I also bought  T-shirts for both of them.

Bhai tika process

  •  First I gave Nasala, a few drops of water, in the palm of the right hand of my brothers to throw some into the mouth and rest over the body for purification.
  • I worshipped the House-God and Yama’s Mandap with water, rice, flowers, and vermilion powder.
  • I gave water, rice, flowers, and vermilion powder to my brothers first to worship the Mandap of the House God and then the crow, then to worship their own Mandaps. The Mandap is used as a medium to present the various offerings to the self.
  • Then I put Tika made of vermillion, rice and yogurt on my brothers forehead and gave them flowers to put on their head as a blessing form God. This was followed by Mala and Jajanka around their neck.

    Putting TIka

  • Normally in Nepal, they use Ita (special long threads made using white cloth soaked in mustard oil) but here we used tea light candles instead. I gave both my brothers the candles. They  took the candle from my hand, lit them and put them on their Mandap. This light is believed to brighten the inner self and keep evil at bay.
  • Then I took some water in an Ankhura (a small pitcher for Puja) filled with oil and water and Dubo in my hand and circled around my brothers three times.

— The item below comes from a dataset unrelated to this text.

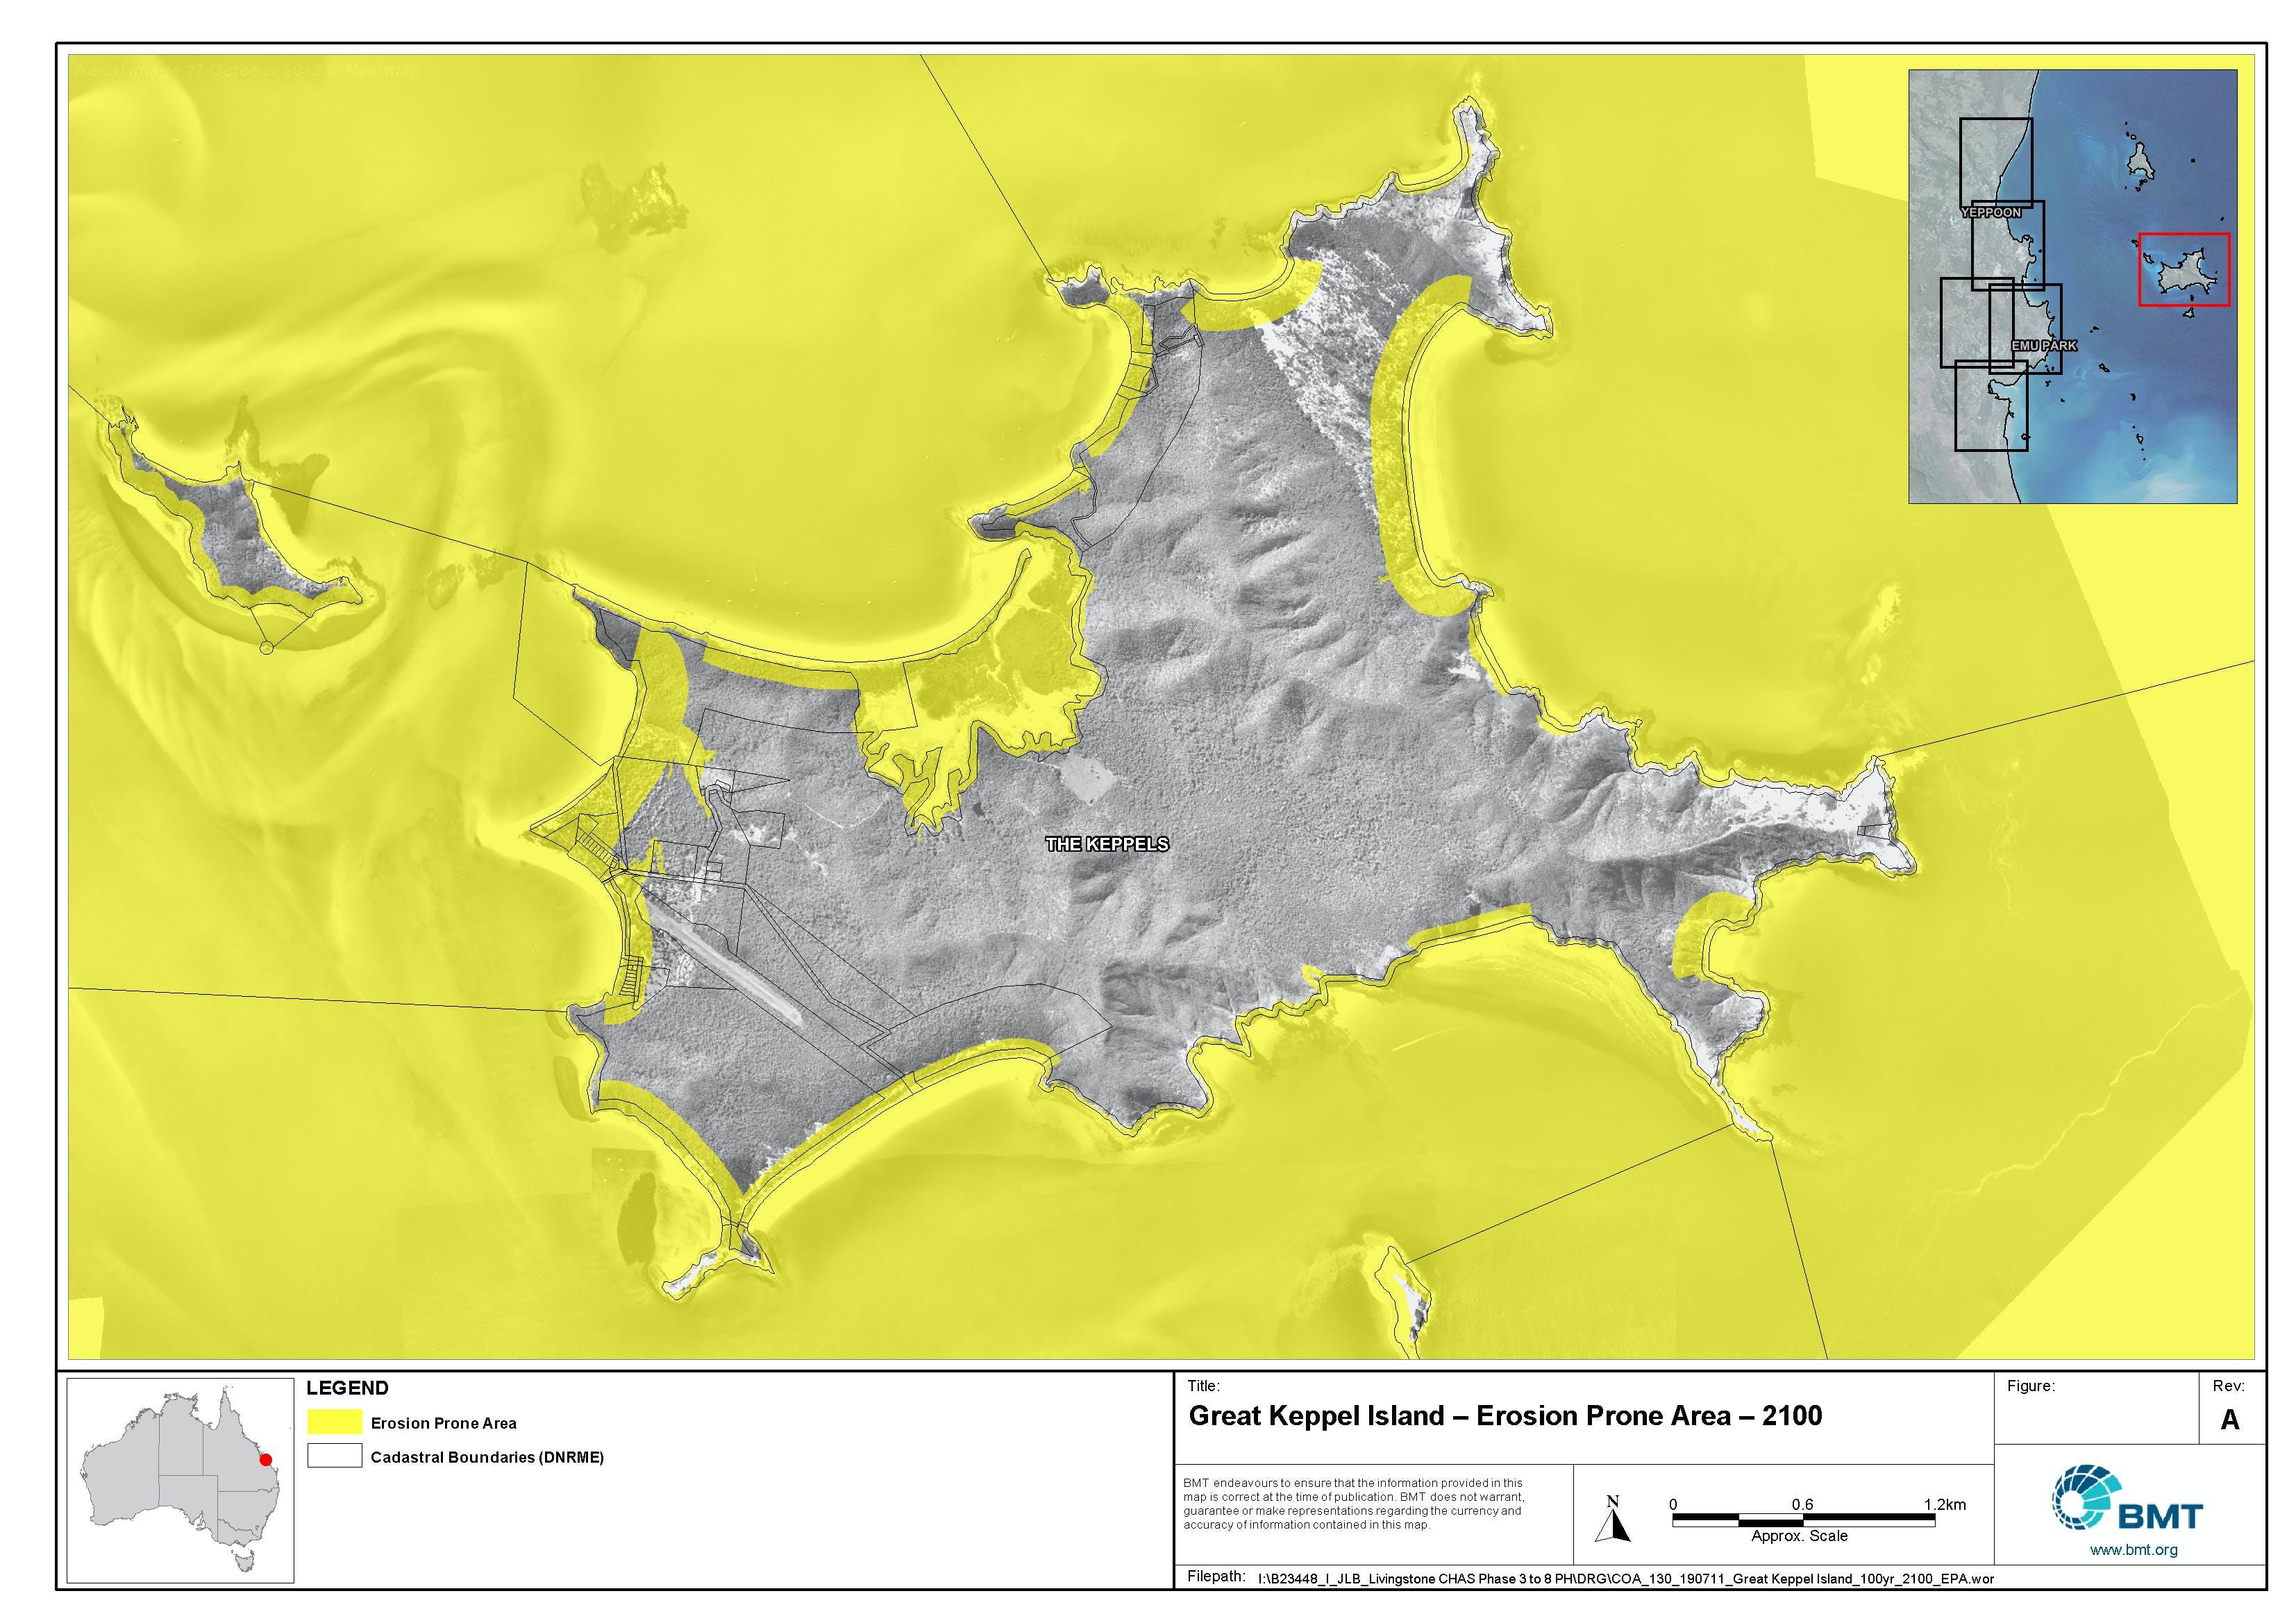 COA_130_190711_Great Keppel Island_100yr_2100_EPA.jpg

    Making circle with oil and water

  • Then I gave them some rice and flower in their hand. Then I gave trays of Rotis, fruits, Masala, sweets and clothes to them and they had to hold them and keep them from touching the ground. Then I toke some rice and flower in my hand and showered each of them and worshipped the god within them. Only after that could they put the trays down.
  • Then my brothers put Tika on my forehead, touched my feet for my blessings and gave me the gifts they had brought for me. 
  • I gave them the Sagun . For Sagun, you put a plate of egg, Bara, meat and fish in the right hand and yogurt or alcohol in the left hand
  • Once everyone finished eating the Sagun, we used Kucho (broom) from top end of the row of Mandaps to the bottom of the row, touching each Mandpa to erase them and conclude our Bhai Tika.